Clam chowder (yes, you can make it without gobs of flour)
Slow-cooked leg of lamb
A bowl of thick Greek yogurt with a pile of raspberries
A fresh salad tossed with olive oil, salt, and oregano and covered in strips of marinated steak, cheese, and olives
A simple lettuce, onion, tomato, and olive salad with feta
A hamburger patty covered in blue cheese and crispy bacon
A coconut milk and egg omelet, slowly–SLOWLY!–cooked in butter, seasoned with lemon salt, freshly ground pepper, herbs de provance, and just a couple flakes of ground red pepper
All that stuff is real food that tastes good and makes you feel satisfied, nourished, and energetic.

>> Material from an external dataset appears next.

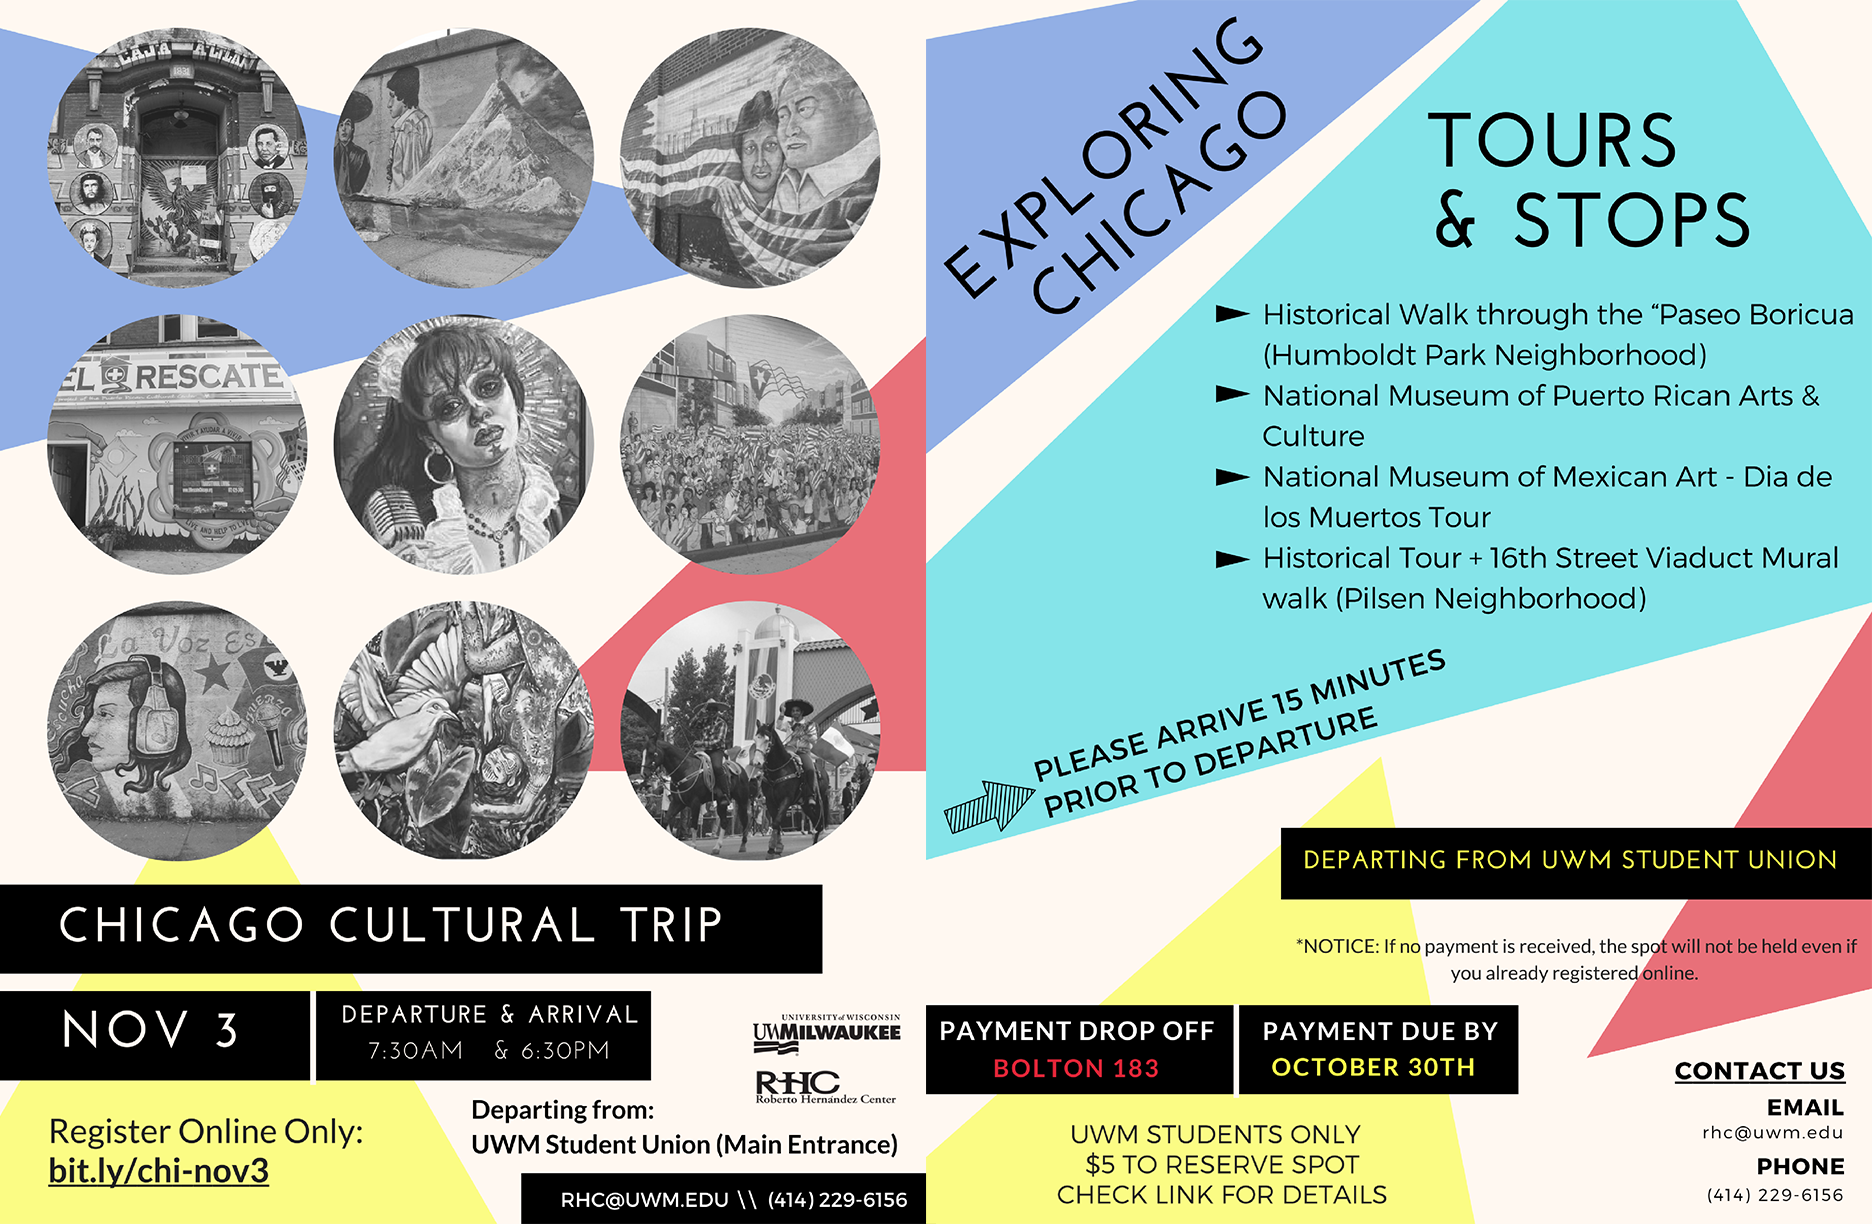 Chicago Cultural Trip 2017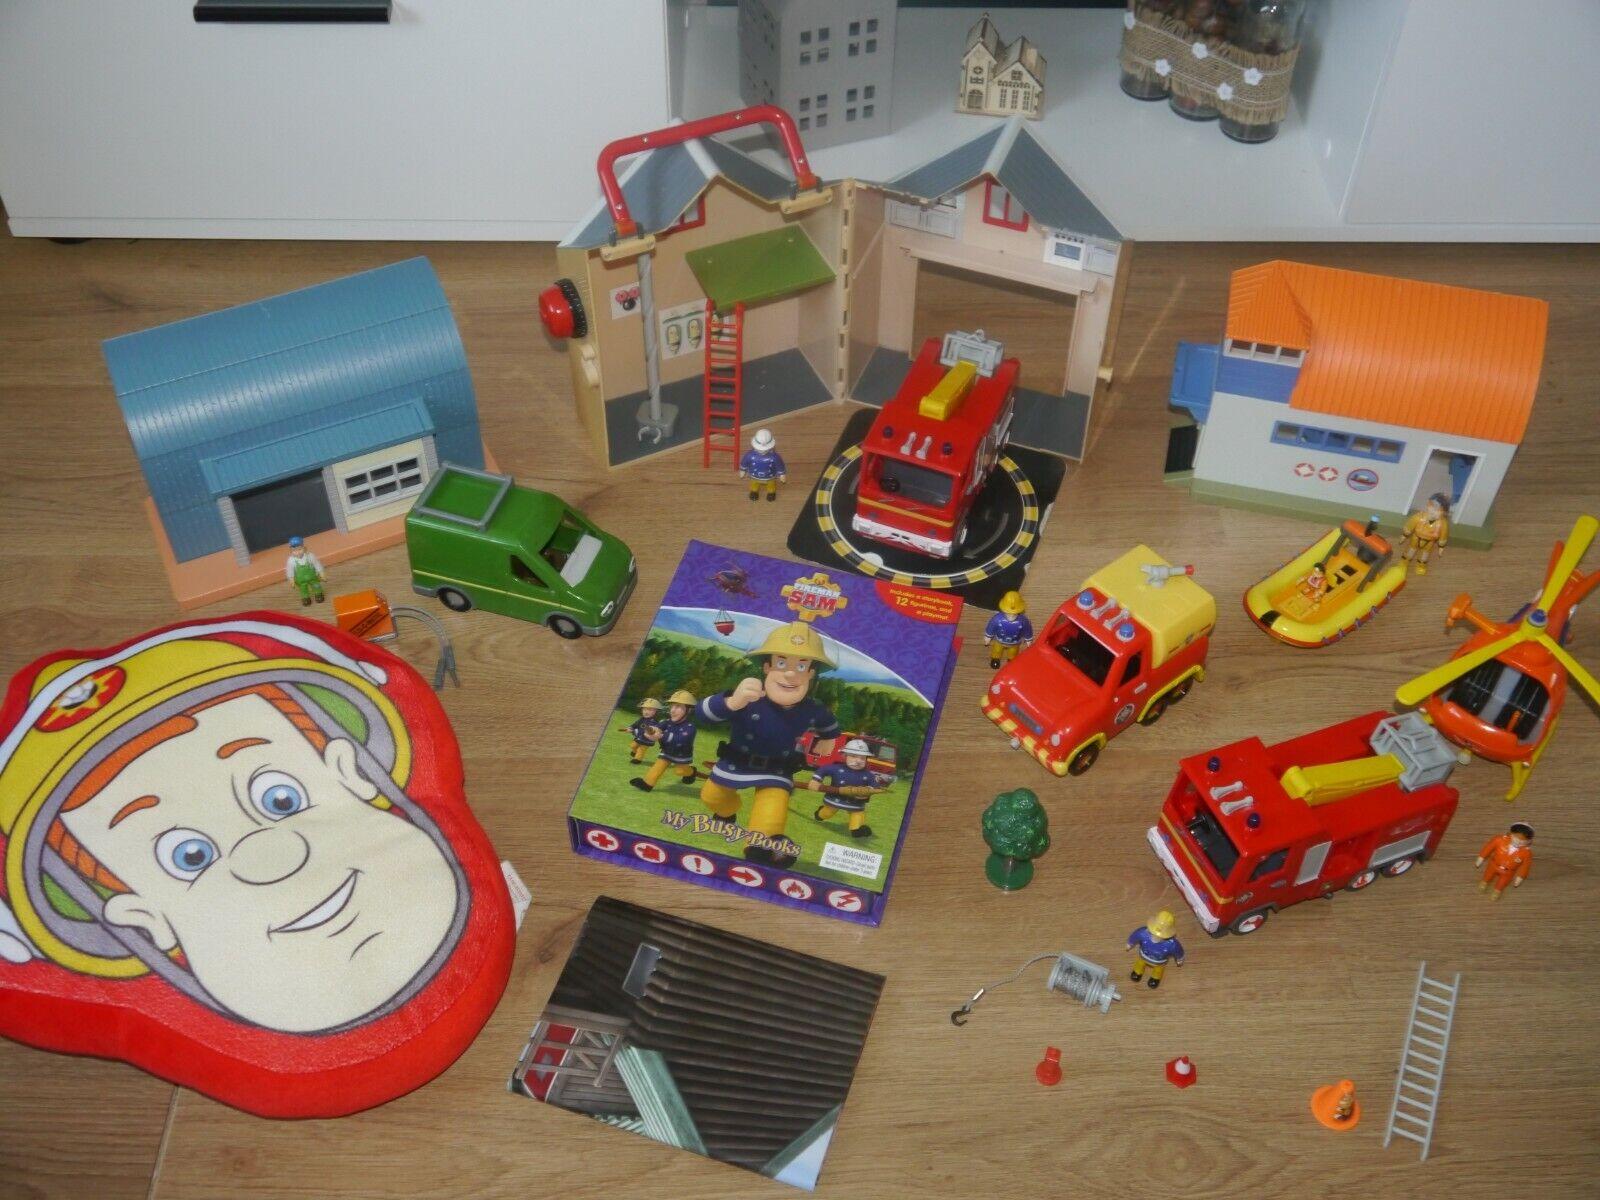 Fireman Sam Large Bundle Toys_3 Buildings_6 Vehicles_6 Figures & Many More_12

Wouldn’t you like to feel that way? Aren’t you happier when you feel that way? If you keep sneaking a brownie twice a week because you just can’t stand it, you have doomed yourself to a perpetual half-life; a life of feeling even worse than if you just ate all that stuff all the time. You never feel happy because you never feed the addiction as much as it wants; yet you never feel satisfied and energetic because you keep sabotaging yourself with garbage. Give it up. Be free. Discipline your mind, and enjoy a piece of bacon.